[[ Data segment open ]]

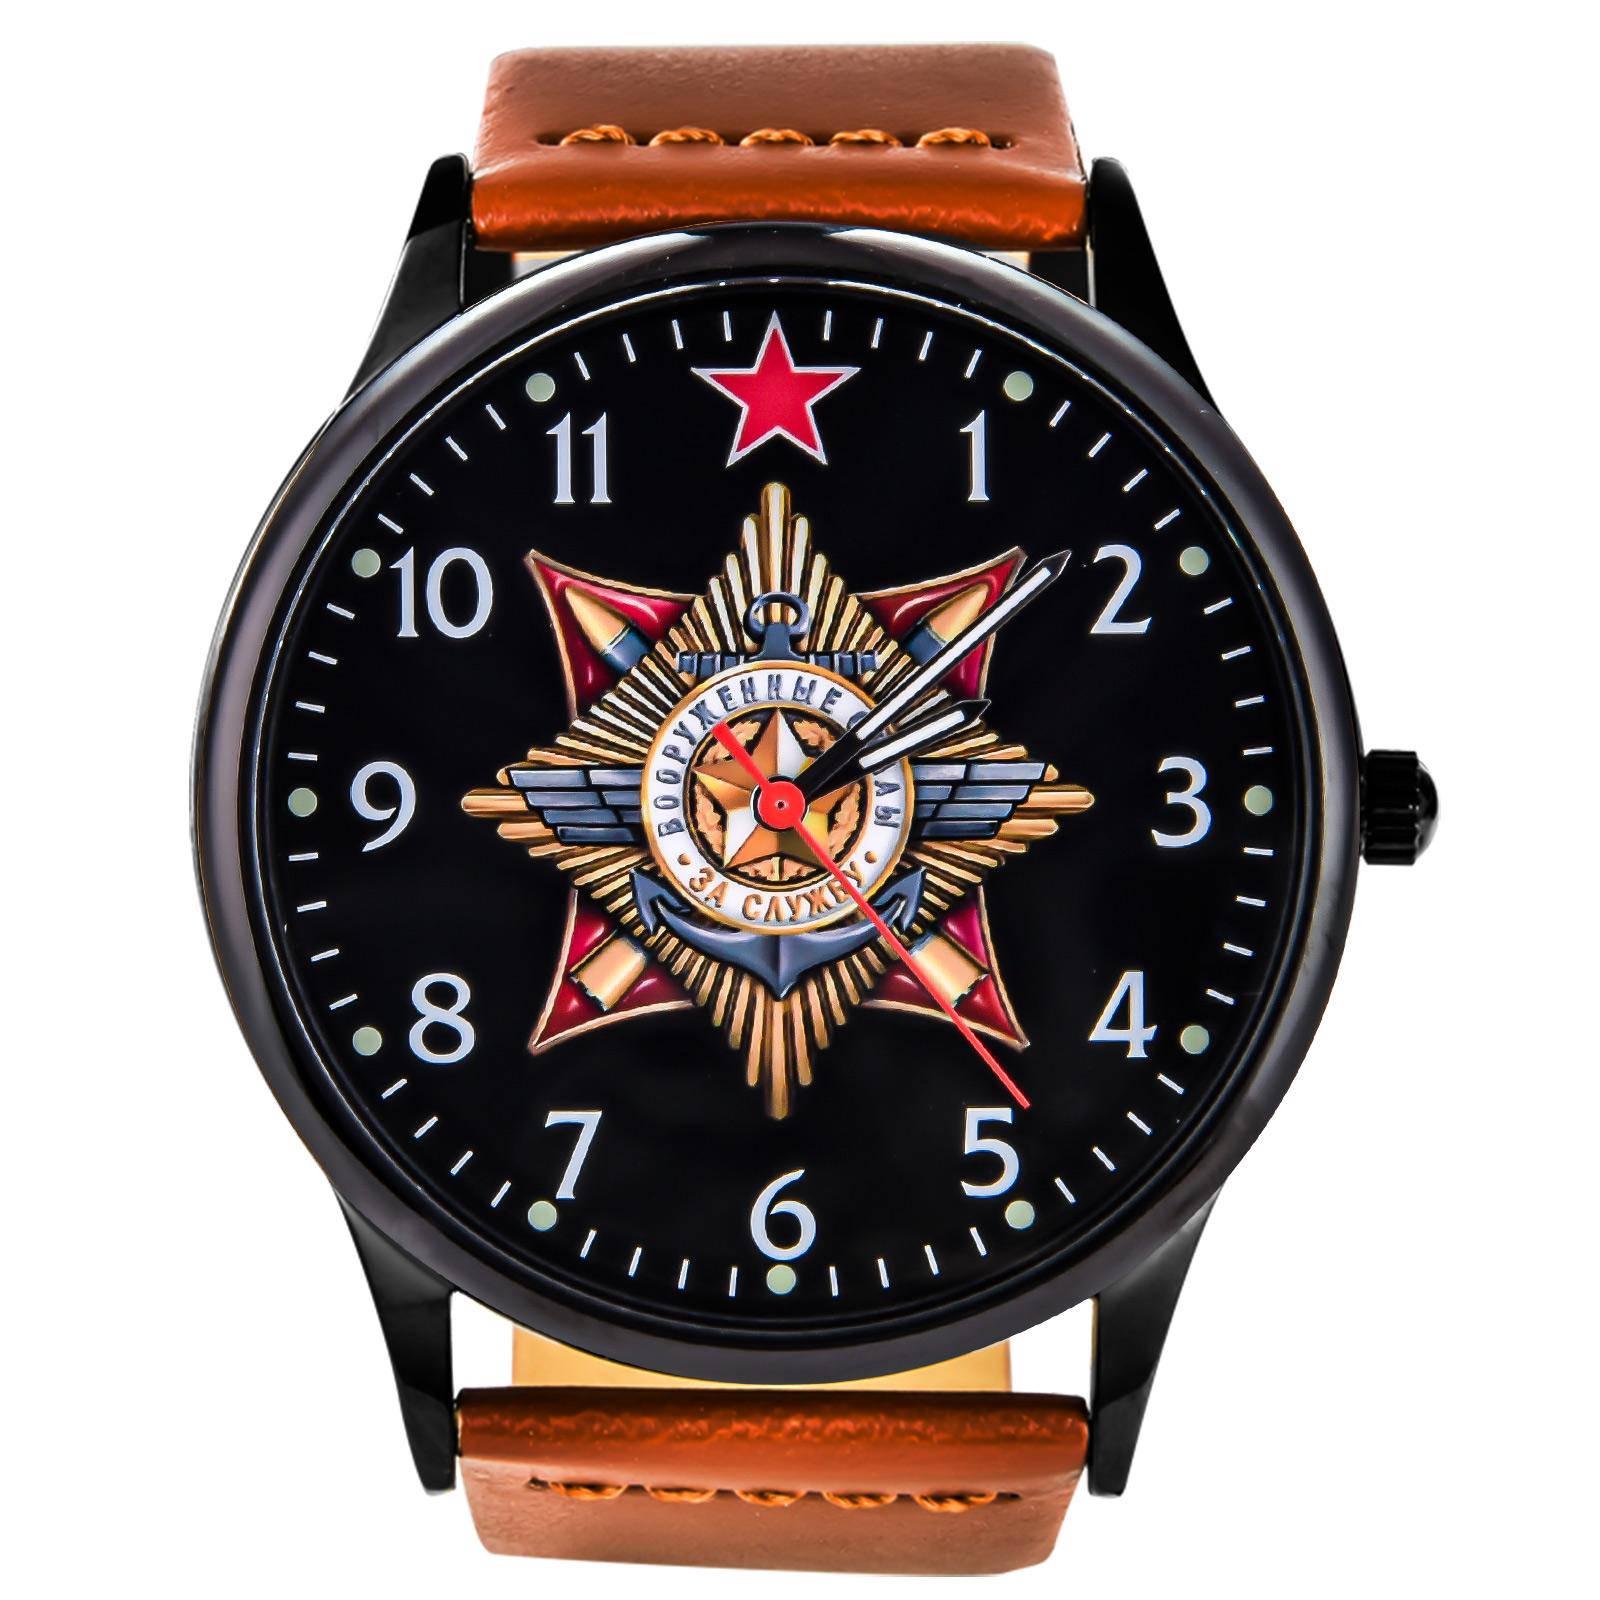 Подарочные командирские часы ВС РФ купить в Военпро
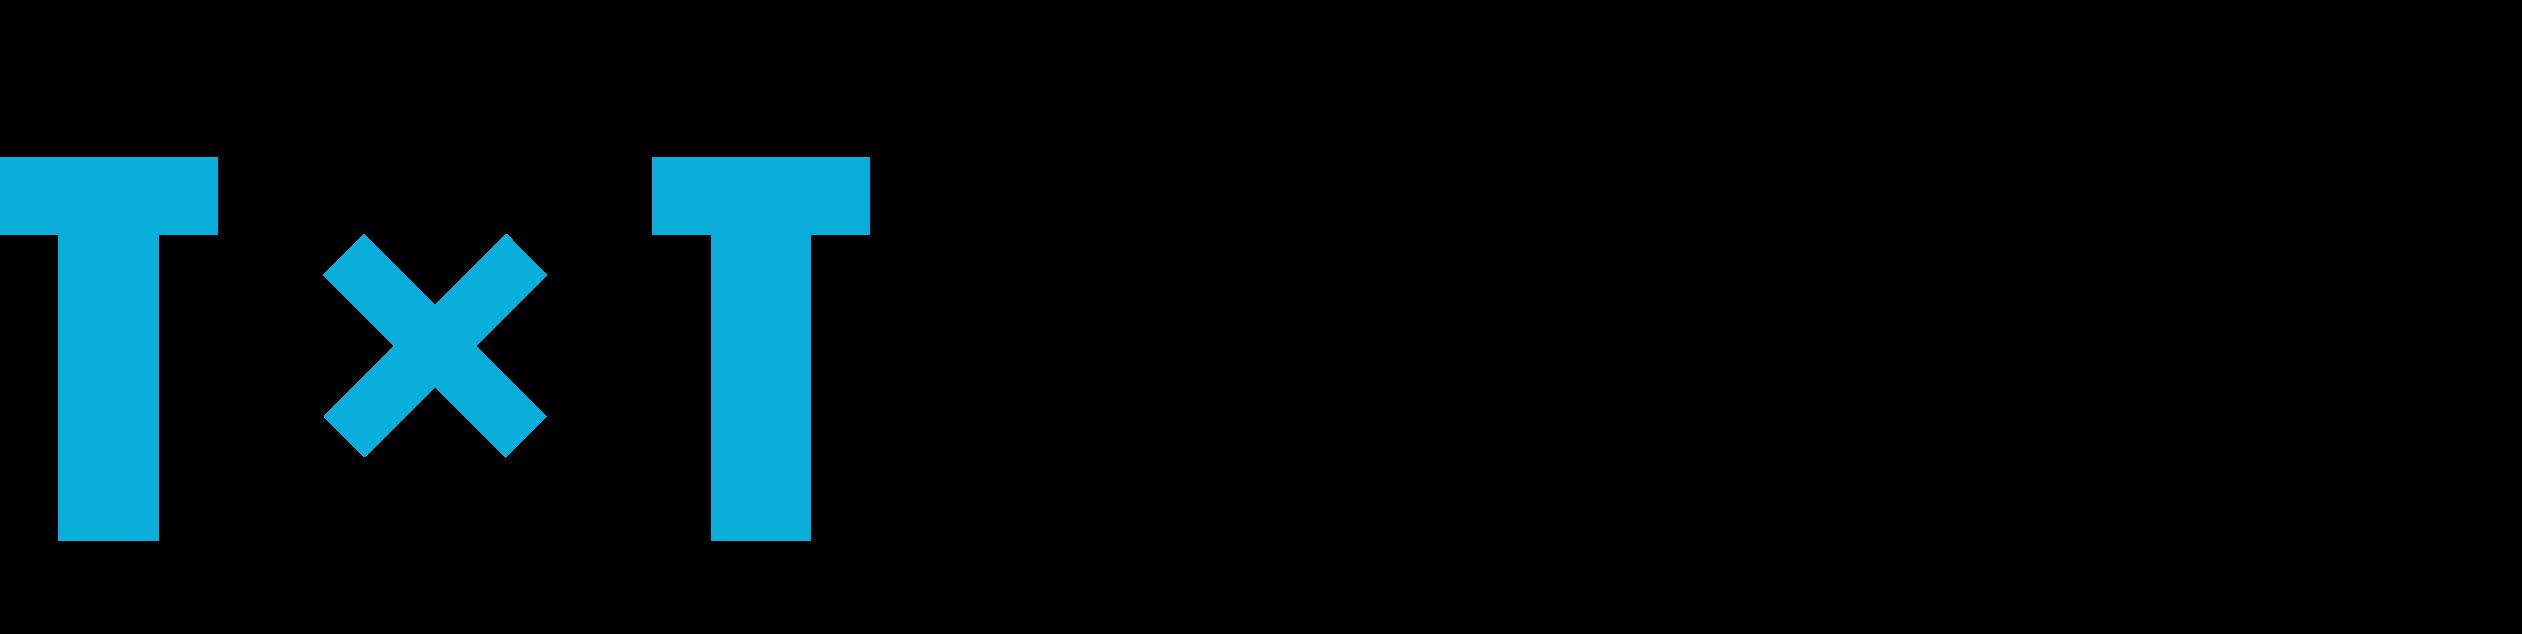 Temp_TxT-logo
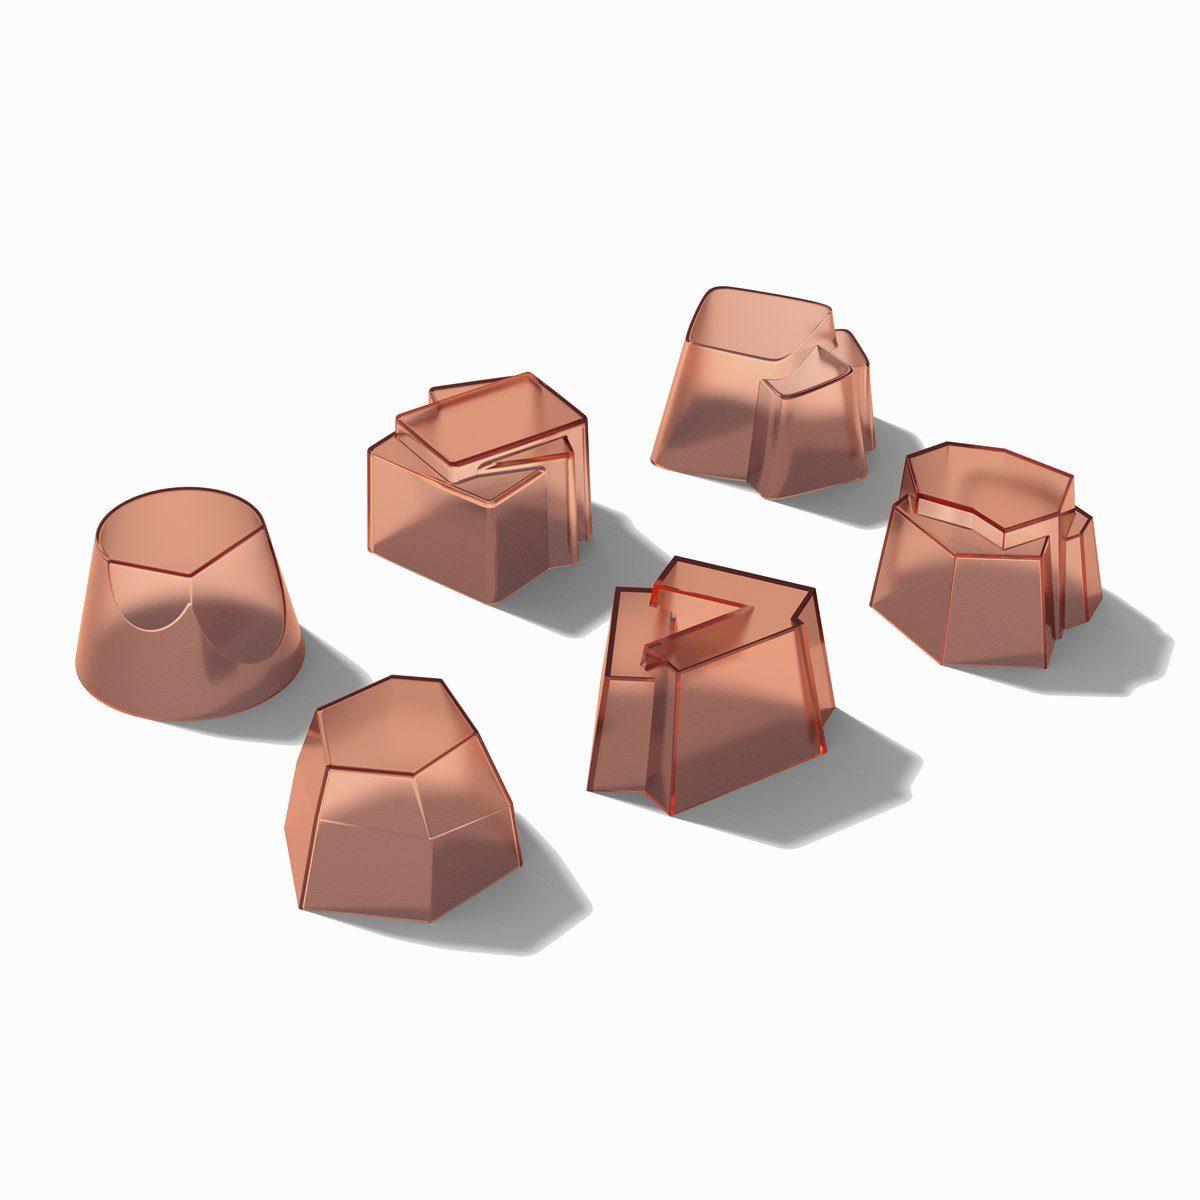 Alessi Alessi Timbaleformen pfirsich Silikon - 6er Set
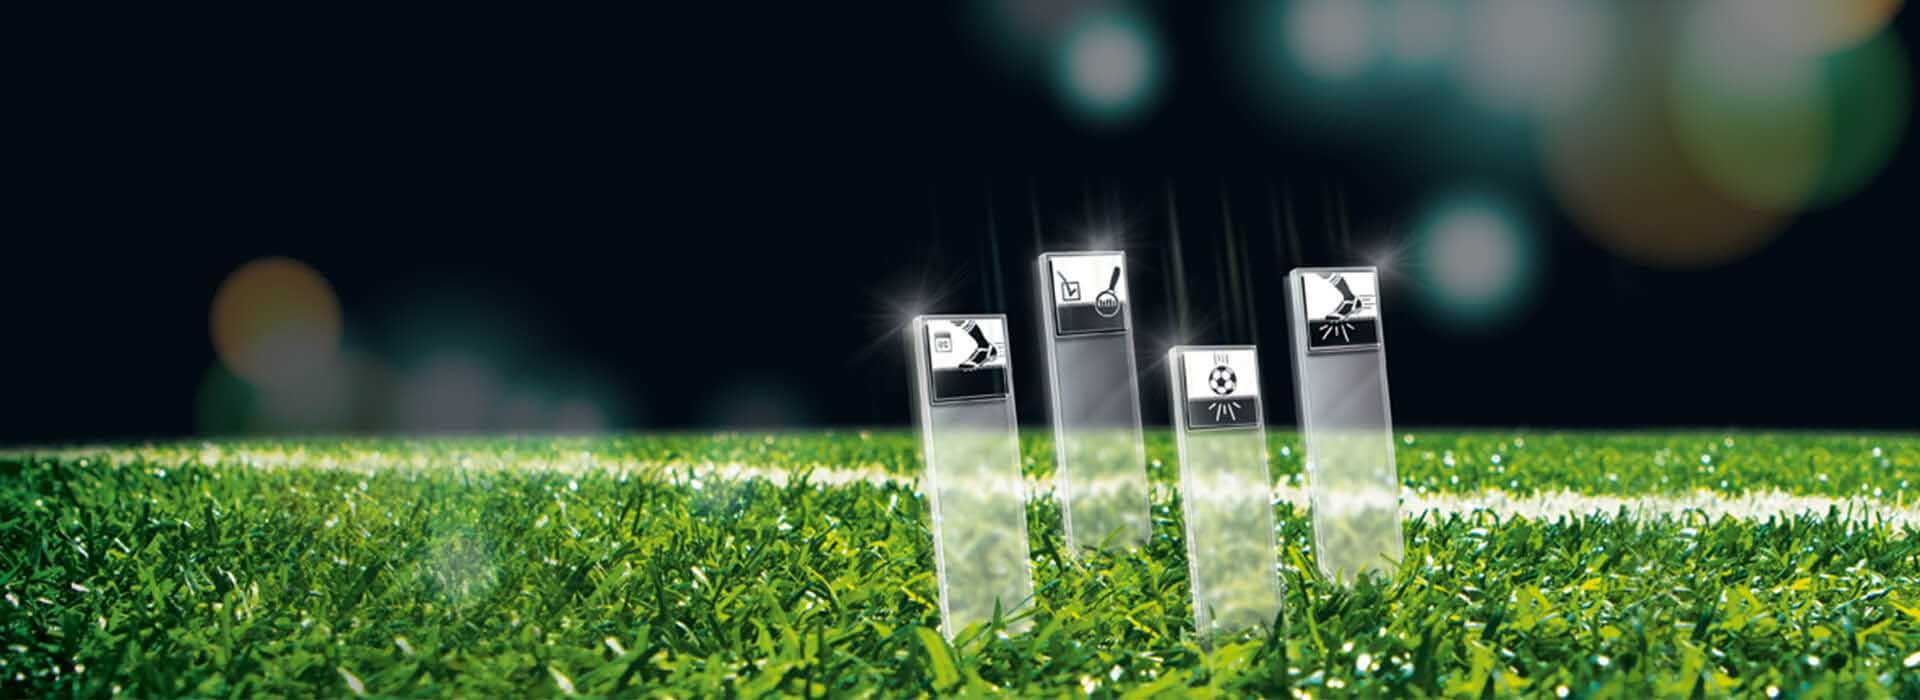 FIFA prefirió el productor de campos de fútbol de césped artificial

[[ Data segment closed ]]

### What the task asks
Print all data above verbatim, except pictures.

### Answer area
 Подарочные командирские часы ВС РФ купить в Военпро
 Temp_TxT-logo
 Alessi Alessi Timbaleformen pfirsich Silikon - 6er Set
 FIFA prefirió el productor de campos de fútbol de césped artificial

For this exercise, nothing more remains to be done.